If that's the case, return it man. Hope the next one works out fine


----------



## ph0n6

BTW does it uses battery when I plug into the Computer with the charge switch off?


----------



## Cotnijoe

ph0n6 said:


> BTW does it uses battery when I plug into the Computer with the charge switch off?


 
  
 yup


----------



## Paul - iBasso

tomclancy said:


> Hi everyone
> I recently bought a D14 and got it yesterday. I've been playing with it on different operating systems but I always have the same problem, a noise/crackling sound that is always there on background.
> I tried it on Windows 10 with the official drivers with both Spotify and Foobar. Then I tried on Android 5 with Spotify and Neutron. Then I tried on Ubuntu with Spotify again and Foobnix. Every time with MP3s a 320kbps and FLAC 24bit 96, 176 and 192khz.
> Depending on the combination some operating systems and songs make the crackling more hearable but it's always there anyway.
> ...


 

 I am sorry for the problems you are experienced. It sounds like you have tried a different USB and have ruled out all other variables. If this is the case I would suggest that you ask for a replacement. Can you do a download of the driver and try a reinstall from our website?


----------



## tomclancy

paul - ibasso said:


> I am sorry for the problems you are experienced. It sounds like you have tried a different USB and have ruled out all other variables. If this is the case I would suggest that you ask for a replacement. Can you do a download of the driver and try a reinstall from our website?


 
  
 Hi Paul, on your website there's only a driver for Windows. The problem would still persist on Android and Ubuntu I guess so I think I'm going to ask for a replacement after all. I really hope this will be sorted out and that the new one will work as expected.
  
 Thanks everyone for your help!


----------



## Paul - iBasso

tomclancy said:


> Hi Paul, on your website there's only a driver for Windows. The problem would still persist on Android and Ubuntu I guess so I think I'm going to ask for a replacement after all. I really hope this will be sorted out and that the new one will work as expected.
> 
> Thanks everyone for your help!


 

 Yes that is correct.


----------



## Paul - iBasso

brutallegend said:


> Solved my Linux problem but I discovered a new problem. After conducting a battery performance test for the dac + amp, turns out the battery only lasts 6 hours 30 minutes instead of the stated 13 hours. Gain was set to high and the volume/dial was at 10 o'clock. I've ran it twice from fully charge and found similar results. Could it be that my battery is defective or perhaps it requires a few more charge cycles? I've never experienced a device under perform so badly...


 

 If you use the coax or optical input the battery lasts around 13 hours. When you use the USB it uses another chip and the battery lasts around 7 hours depending upon what headphone you are using.


----------



## ceemsc

tomclancy said:


> Hi everyone
> I recently bought a D14 and got it yesterday. I've been playing with it on different operating systems but I always have the same problem, a noise/crackling sound that is always there on background.
> I tried it on Windows 10 with the official drivers with both Spotify and Foobar. Then I tried on Android 5 with Spotify and Neutron. Then I tried on Ubuntu with Spotify again and Foobnix. Every time with MP3s a 320kbps and FLAC 24bit 96, 176 and 192khz.
> Depending on the combination some operating systems and songs make the crackling more hearable but it's always there anyway.
> ...




If possible can you try the D14 -> USB -> Apple MAC e.g. Air?

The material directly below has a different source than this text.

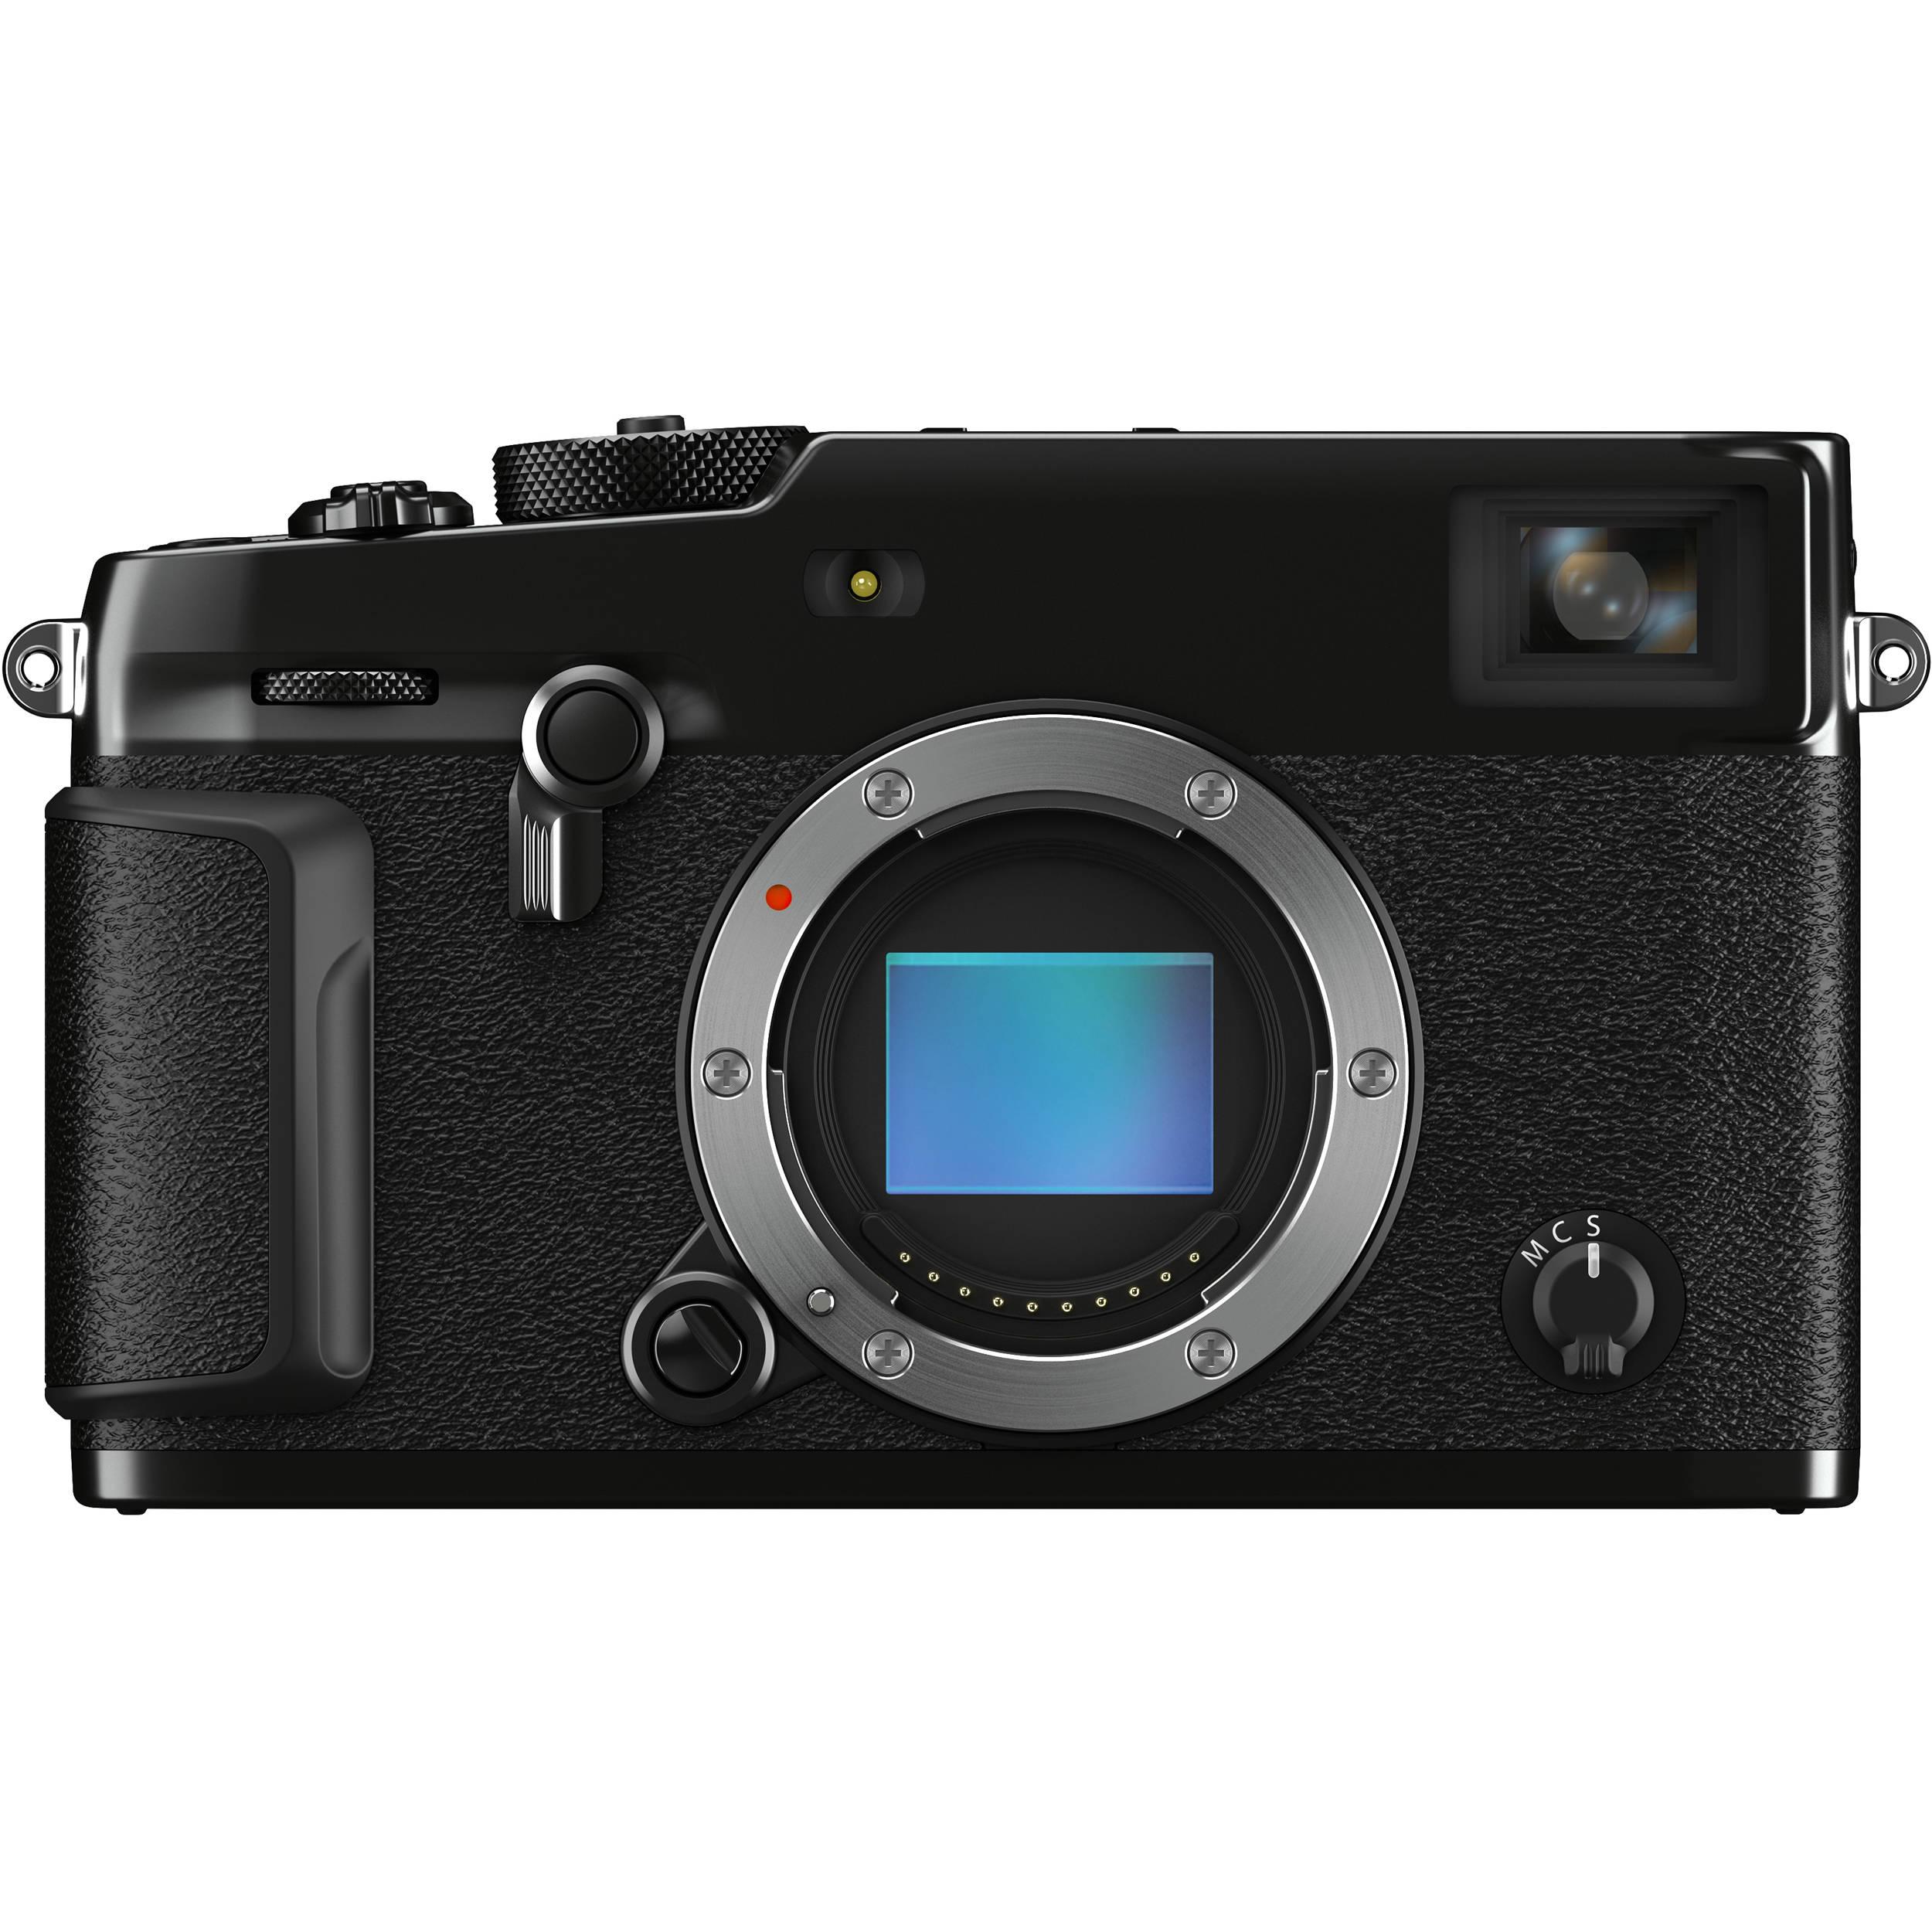 Fuji Xpro3 Fujifilm X Pro3 Mirrorless Digital Camera X Pro3 Black B H Photo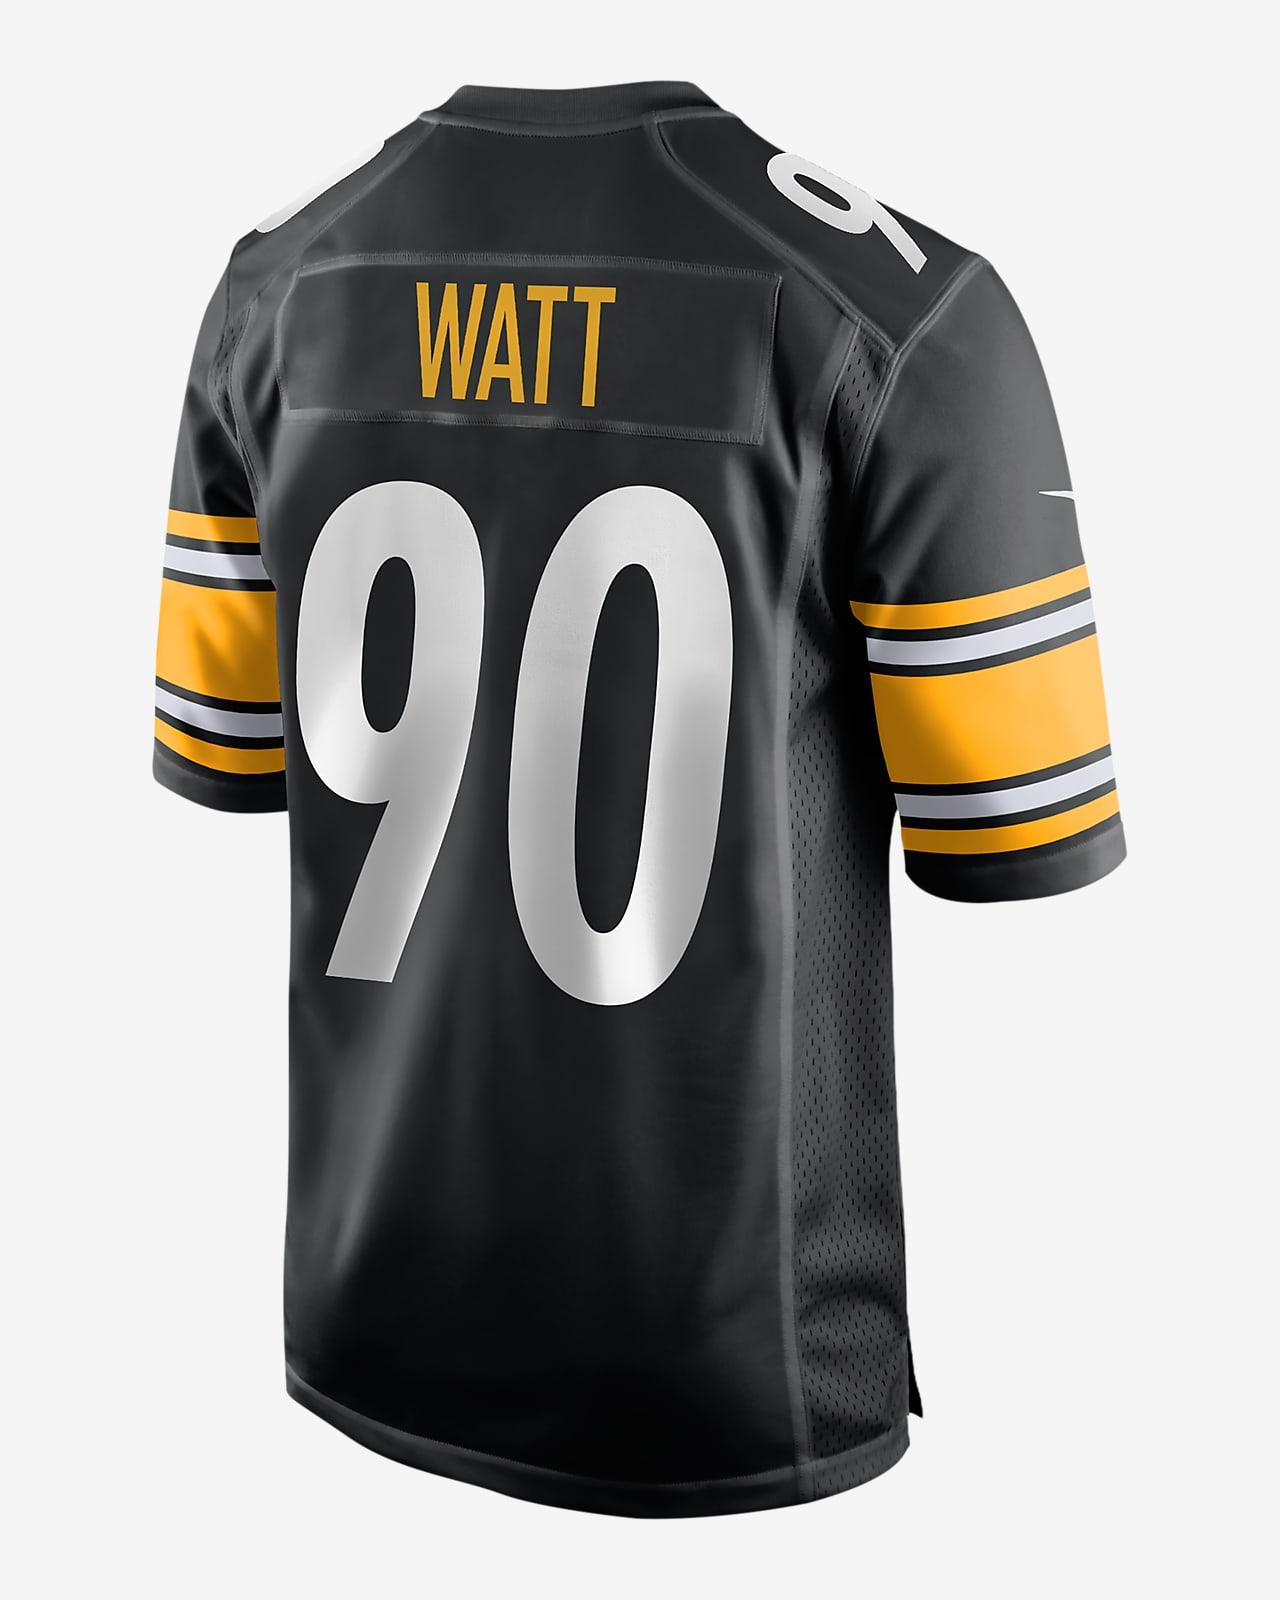 NFL Pittsburgh Steelers (T.J. Watt) Men's Game Football Jersey

My issue was the Windows laptop USB adding noise into the chain but I did not get this when using the Apple Mac USB out.

I experience the same thing with my FiiO E12; noise if I use a Windows laptop to charge while listening but I don't get noise if I use an external battery pack.


----------



## tomclancy

ceemsc said:


> If possible can you try the D14 -> USB -> Apple MAC e.g. Air?
> 
> My issue was the Windows laptop USB adding noise into the chain but I did not get this when using the Apple Mac USB out.
> 
> I experience the same thing with my FiiO E12; noise if I use a Windows laptop to charge while listening but I don't get noise if I use an external battery pack.


 
 Uhm... don't have an Apple MAC. Anyway, even if it works with an Apple I still have issues with Linux, Windows and Android which are the operating systems I use every day.
 By the way I just shipped it back to Amazon and ordered a new one so I can't run any more tests. I should get the new one tomorrow, I'll let you guys know if everything works fine


----------



## Chacobo

I've enjoyed the DT 880 pro 250Ohm + D4 topkit combo for the last 4-5 years and I've been so satisfied with it that I basically didn't touch head-fi since.
  
 Could anyone compare D4/ D42 (especially with topkit) to the D14? Is it a very noticeable upgrade?
  
 Also what're some of the comparable models from other brands that I could look into? I did a lot of searching but couldn't find any "vs" threads.
  
 Thanks in advance!


----------



## HiFlight

chacobo said:


> I've enjoyed the DT 880 pro 250Ohm + D4 topkit combo for the last 4-5 years and I've been so satisfied with it that I basically didn't touch head-fi since.
> 
> Could anyone compare D4/ D42 (especially with topkit) to the D14? Is it a very noticeable upgrade?
> 
> ...




IMO, your setup is still right up there with some of the best for portable listening. You can spend lots more money for an incremental improvement.


----------



## tomclancy

brutallegend said:


> If that's the case, return it man. Hope the next one works out fine


 
 The next one did work out fine indeed! 
	

	
	
		
		

		
		
	


	




 
 I've been using it for three days and I'm really pleased with the sound and everything. Tested so far on Windows 10 64bit, Windows 7 64bit, Ubuntu 15.10 64bit and Android 5.1.1 (OnePlus One).
 Works great with FLAC files (24-bit 192KHz) and MP3s 320kbps as well. Nice toy really.


----------



## Aradea

brutallegend said:


> Just bought the D14 and doing some testing. Initial impressions are really good. Effortlessly powers the Ether C. So far its neutrality and clarity is impressive.
> 
> Wonder how much better they will sound after a good burn in. Anyone know how long a typical burn in would take?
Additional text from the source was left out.